MFW isolation is credited for some aspects of a MSLB inside containment event but not for other aspects. Specifically it is credited for control of steam generator tube stresses but is not credited for offsite dose, since the limiting scenario for offsite dose is a break outside containment.

Safety Analysis performed an analysis of the small MSLB with LOOP assuming the FCVs cannot be closed. The peak pressure for the largest break that does not actuate AFIS within 2 minutes is 106.2 psig (0.6 ft2 break). The containment pressure and temperature exceeds the Environment Qualification (EQ) envelope curve.

Operation outside the EQ envelope has a potential impact on the Reactor Building Cooling Units [EIIS:BK]. The Reactor Building Cooling Unit fan motors were replaced on all three units approximately two years ago. It would take significant analysis or testing to determine if the new RBCU motors would fail due to the expected environmental conditions during this postulated scenario.

However, it is known that the old motors did not have much EQ margin and it is assumed that they would have failed under the conditions of this scenario. The principle impact of this postulated failure is that the main mode of cooling the containment atmosphere would be lost, thus extending the duration of the exposure of other equipment to high temperatures. Thus there is increased potential for failure of additional components, but no potential failure was identified which would affect core cooling via Main/Emergency FDW or Reactor Coolant System [EIIS:AB](RCS) integrity, so there is no anticipated increase in radiological consequences (which therefore remain bounded by the large MSLB outside containment scenario).
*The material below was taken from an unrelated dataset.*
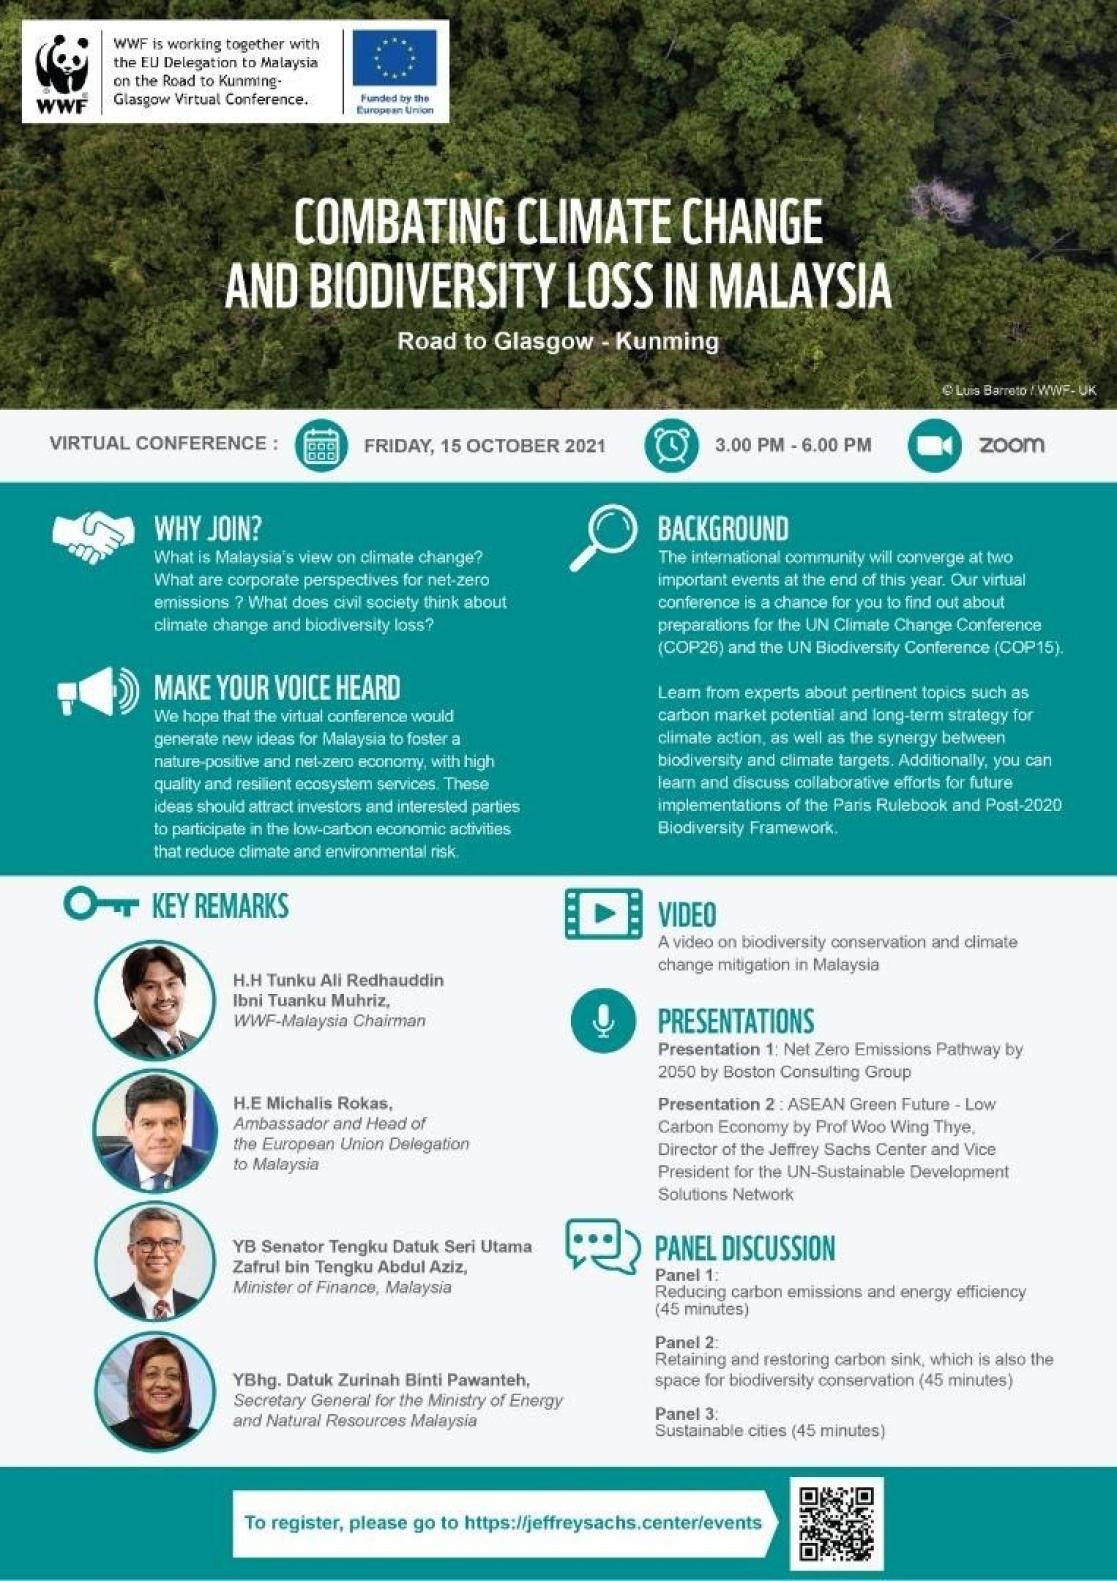 Combating climate change and biodiversity loss in Malaysia webinar agenda

The risk impact of the AFIS design deficiency is very low. The deficiency is judged to have no material impact on the core damage frequency (CDF). The frequency of a main steam line break leading to core damage is reported in the Oconee PRA Revision 2 at less than 1E-08. Even if this entire CDF were conservatively considered to lead to a large early release frequency(LERF), the resulting impact would fall well below the risk significant LERF threshold 1E-07.
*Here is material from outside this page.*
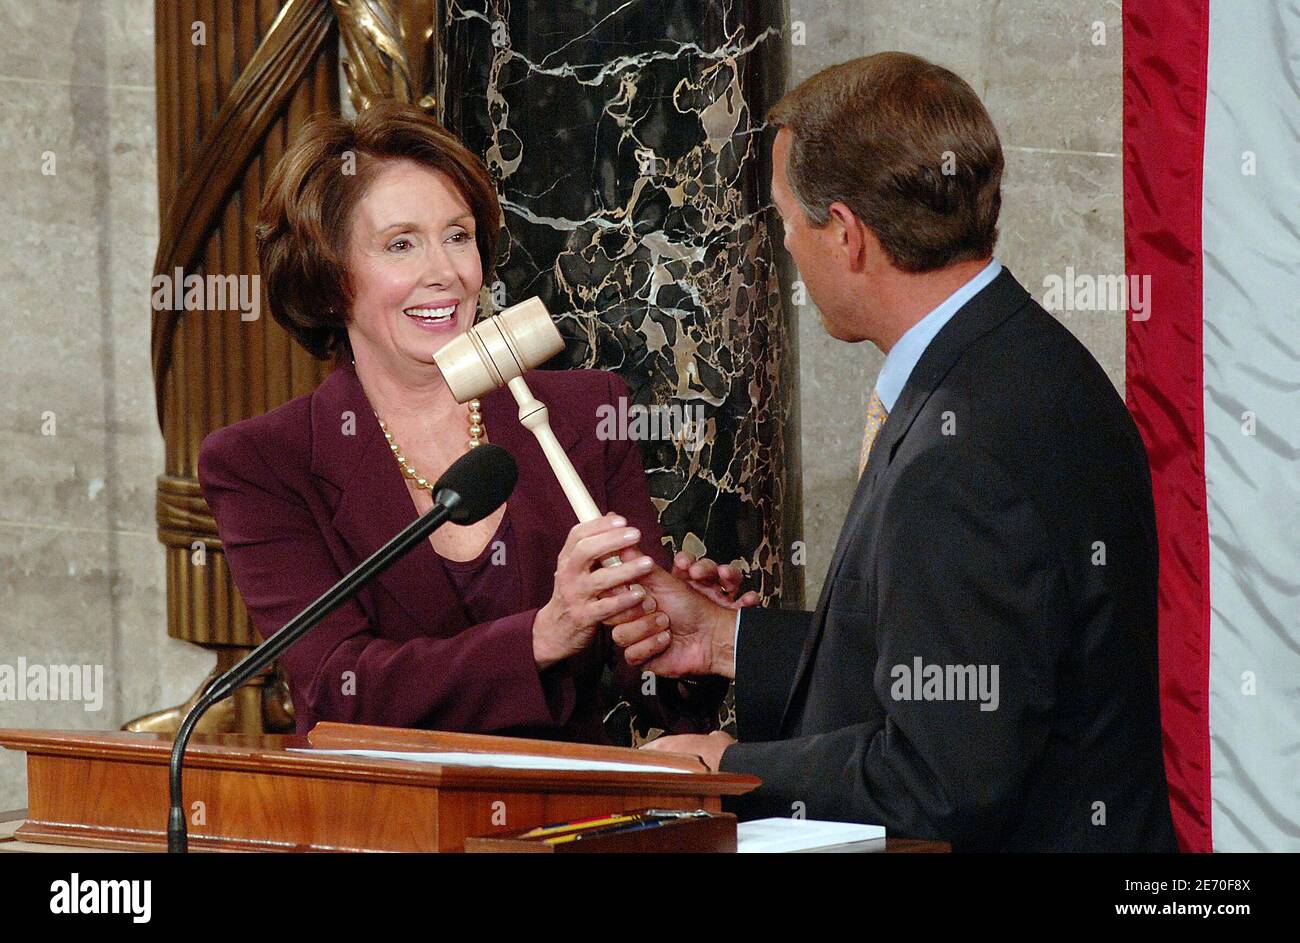 Speaker of the House Nancy Pelosi (D-CA) receives the Speaker's gavel after being elected as the first woman Speaker during a swearing in ceremony for the 110th Congress in the House Chamber of the U.S. Capitol, on January 4, 2007 in Washington, DC, USA. Pelosi will lead House Democrats as the Democratic Party takes control of both houses of Congress. Photo by Olivier Douliery/ABACAPRESS.COM Stock Photo

When additional factors are considered such as the specific break size and location, the actual impact is expected to be considerably less. In particular, the Oconee containment has been shown to be very robust under overpressure conditions (Reference: Oconee IPE Submittal, Volume III, Appendix G, "Containment Capacity Assessment"). Up to a pressure of approximately 107 psig, the estimated probability of containment failure is less than 1 percent. The mean containment failure pressure is estimated to be 144 psig. Any contribution to LERF would be expected to be at least 2 orders of magnitude below the CDF contribution.

Therefore, there was no actual impact on the health and safety of the public due to this event.

ADDITIONAL INFORMATION

This event is considered recurring. Licensee Event Report 269/2002-04, (submitted September 9, 2002 and withdrawn October 14, 2003) addressed a potential loss of safety function due to deficient guidance contained in the EOP, with a root cause of deficient documentation because design documents, such as the system DBD, were not revised to document a known problem. The events leading to this report occurred prior to the events of LER 269/2002-04; therefore none of the corrective actions from that event could have prevented this event.

There were no releases of radioactive materials, radiation exposures or personnel injuries associated with this event.

This event is not considered reportable under the Equipment Performance and Information Exchange (EPIX) program.